Monday, July 14, 2025

Three Beautiful Things 07-13-2025: Preparing Food for Family Dinner, Christy's River Tale, Sweet Memories from 2014-17

1. Today was a very busy day for Carol and Paul -- church, Paul preaching, a church meeting, a matinee performance at the Sixth Street Melodrama and Theater, and family dinner. 

Aware of all of this, Christy, tonight's dinner host, asked me to prepare two offerings for dinner and asked Carol and Paul to bring wine. 

Simple enough.  

Christy assigned me to bring an appetizer and a rice dish and told me she was making a citrus chicken dish and hoped what I brought would go well with the chicken. 

I had quite a bit of celery on hand, so I took out a bowl and mixed together whipped cream cheese, sour cream, bacon pieces, shredded cheddar cheese, green onion, and Everything but the Bagel Sesame Seasoning Blend, filled each celery stalk with this mixture, and then sprinkled more Everything blend on top of them. 

For my rice dish, I dreamed up a dish rather than using a recipe, for the most part. 

I used a recipe to make creamed spinach.

To meet Christy's request, I didn't technically make a rice dish, but, to me, couscous can act like rice even though it's a unique kind of pasta. 

So, I made a white sauce, wilted a bag of spinach, combined the sauce and the spinach and then I cooked u all the couscous I had on hand. 

I layered the creamed spinach and the couscous and I was very happy with how it turned out and I think it was a good compliment to Christy's chicken dish. 

2. Christy reported on the river float several of her classmates took on Friday on the CdA River and shared the good news that one of the floaters made a mistake and found himself separated from the rest of the group. 

After a period of anxiety, things worked out and he rejoined the Classs of 73ers. 

Christy didn't float (I wouldn't have either!

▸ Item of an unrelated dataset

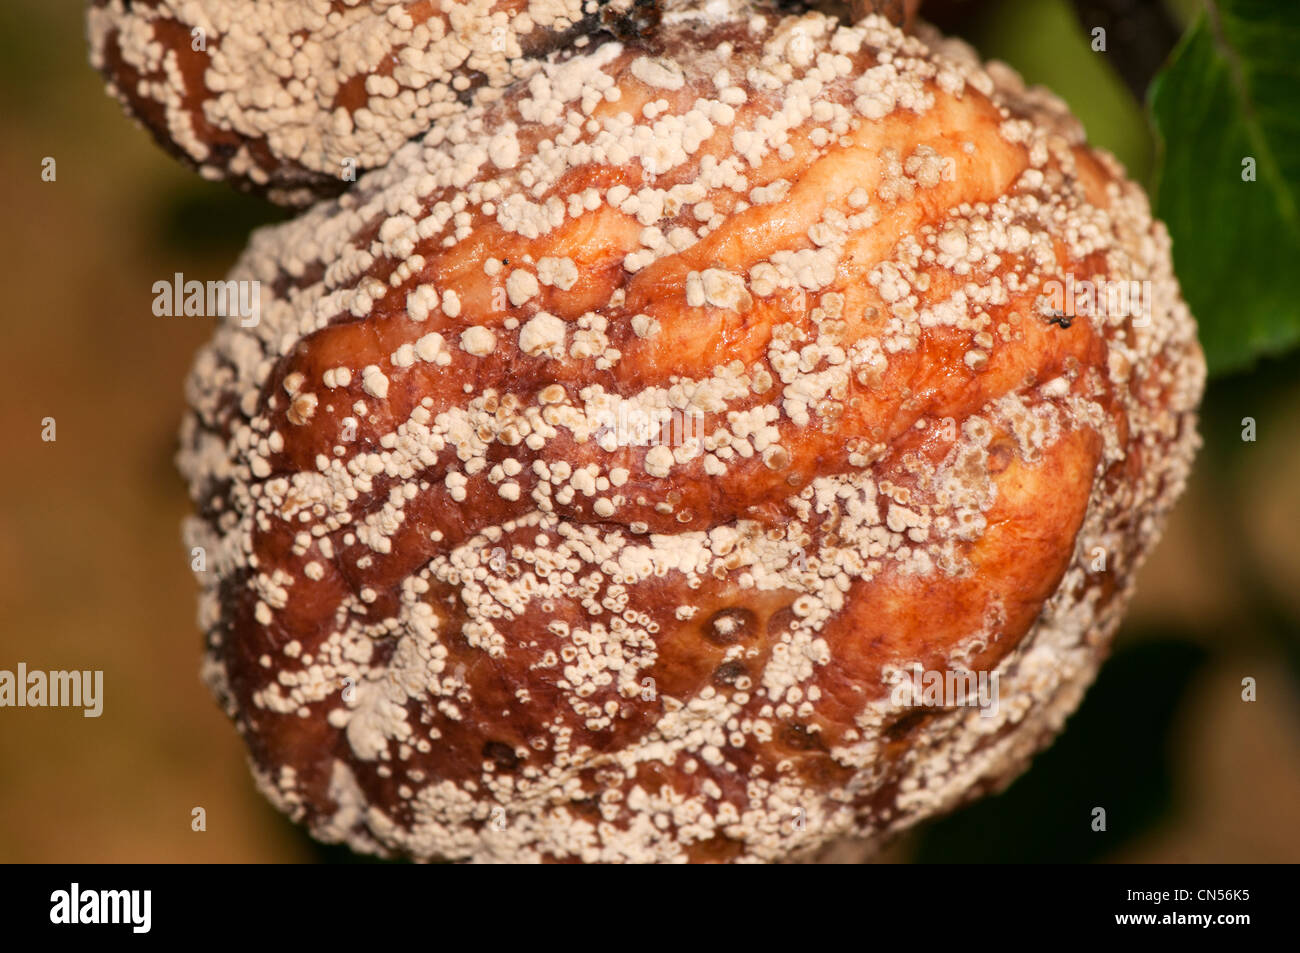 monilia fructigena, brown fruit rot, on apple - Stock Image

I'll never float again!), but she and others who stayed on dry land joined with the floaters for a fun potluck in the afternoon. 

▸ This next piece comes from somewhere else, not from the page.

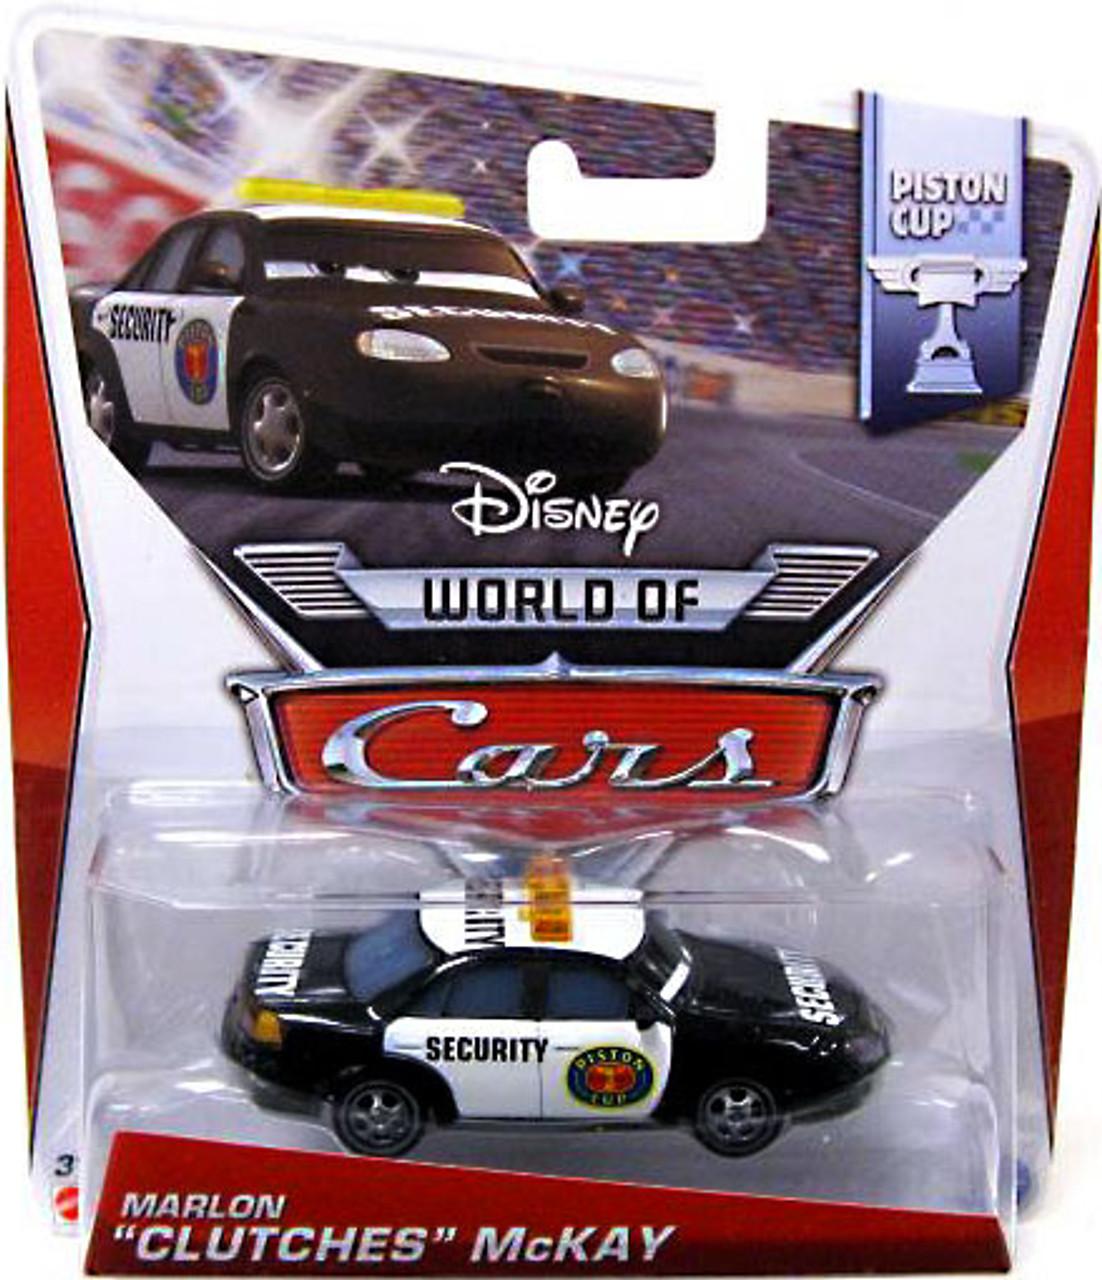 Disney Pixar Cars Movie 155 Die Cast Car Oversized Vehicle Richard

3. As we talked more over dinner, the subject of Baltimore came up and suddenly a rush of stirring memories swamped my mind. Some of them involved Baltimore, but, overall, I was reliving those great three years of living in Maryland, exploring Washington, DC,  New York, New Jersey, Maryland, Massachusetts, and Virginia, and I thought and talked a bit about some things I didn't do, feeling some regret, but knowing there was no way I'd be able to do everything I could have done. 

So I focused more on the fun and energizing things I did do, mostly within myself. Those thoughts included things as simple as going to senior water aerobics, walking to the Greenbelt library, and having many fun meals with Molly, Hiram, and family. 


Sunday, July 13, 2025

Three Beautiful Things 07-12-2025: Life with Gibbs, *Lonesome Dove* and Self-Examination, Tofu is Back

1.  I attribute Gibbs' readiness to bark at people walking by, delivery people coming to our porch,  Copper on the other side of the pet gate, neighborhood dogs on the other sides of our back yard, and sometimes just at a breeze bending grass not to a character flaw, but to a virtue. He's earnest. In his own Maltese-Shih Tzu way, he's acting as a service dog, barking warnings. 

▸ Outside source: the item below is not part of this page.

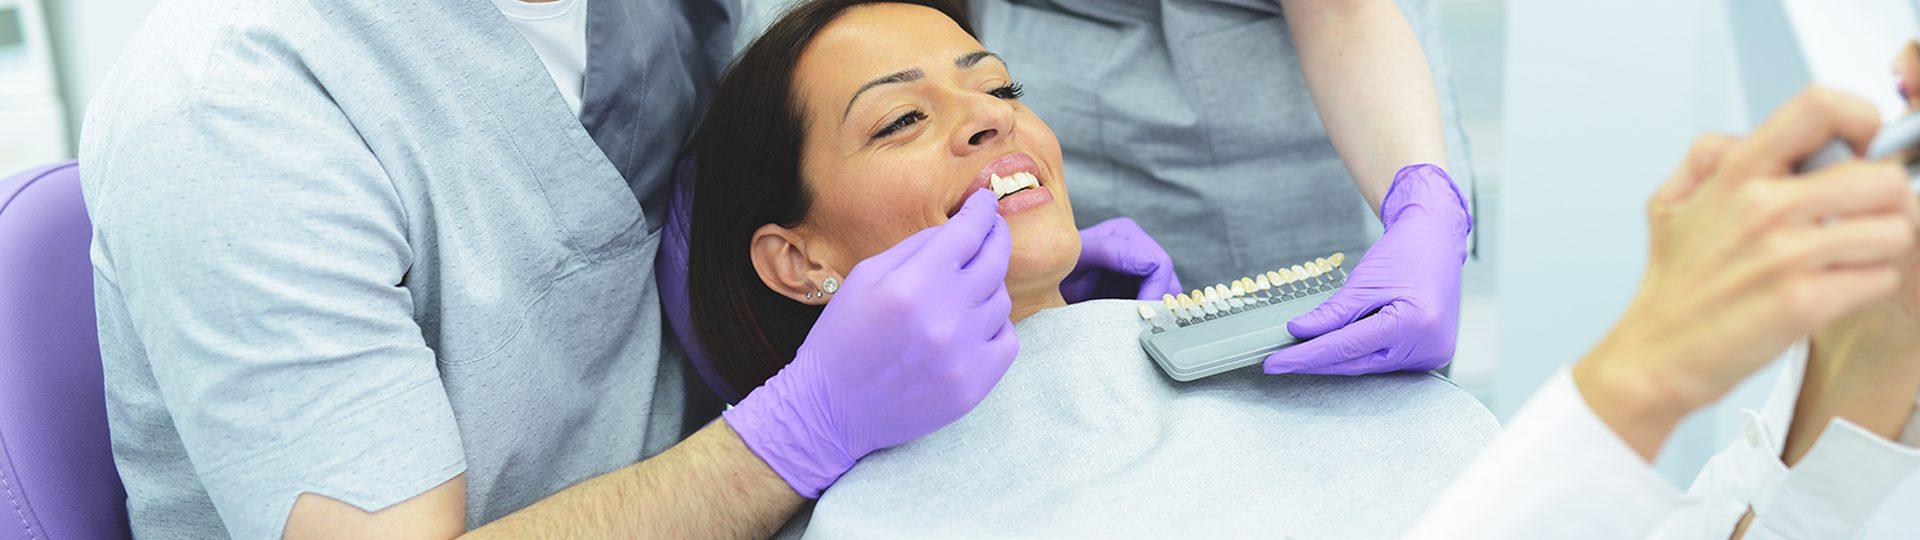 How Many Dental Veneers Do You Need?

I do my best to as soon as I can to discourage Gibbs from barking too long in the back yard.

Recently, he's been remarkably cooperative with my efforts. 

I never yell at Gibbs and if I stand on the porch and, in a conversational voice, call his name, lately he's been really good about coming to me.

It helps that I'm also offering him Swiss cheese. 

I've been on a Swiss cheese jag for a few weeks.

Gibbs has joined me. 

Lately, he'd rather eat a few small pieces of Swiss cheese in the kitchen than bark his brains out in the back yard. 

2. One thing I'm experiencing while reading Lonesome Dove relates to Socrates' dictum that "the unexamined life is not worth living." 

This novel is moving me to self-examination in an unexpected way, through the observations and thoughts of Lorena Wood, who, for much of the Part I of this book, has been the prostitute at the Dry Bean Saloon.

Lorena is very perceptive, especially when it comes to the character weaknesses of men in general, but of one man in particular, Jake Spoon. 

Her observations have little to do with sex, but much more to do with immaturity, dependence, broken promises, flattery, manipulation through deception, and other similar qualities that Jake Spoon manifests, but so do other men in this story. 

Lorena has moved me to examine similar qualities in myself, especially as I reflect on my past and what I've done as I've aged to at least try to mature, be more independent, keep my word, eschew manipulation, and, generally be a more balanced and consistently kinder and more reliable person. 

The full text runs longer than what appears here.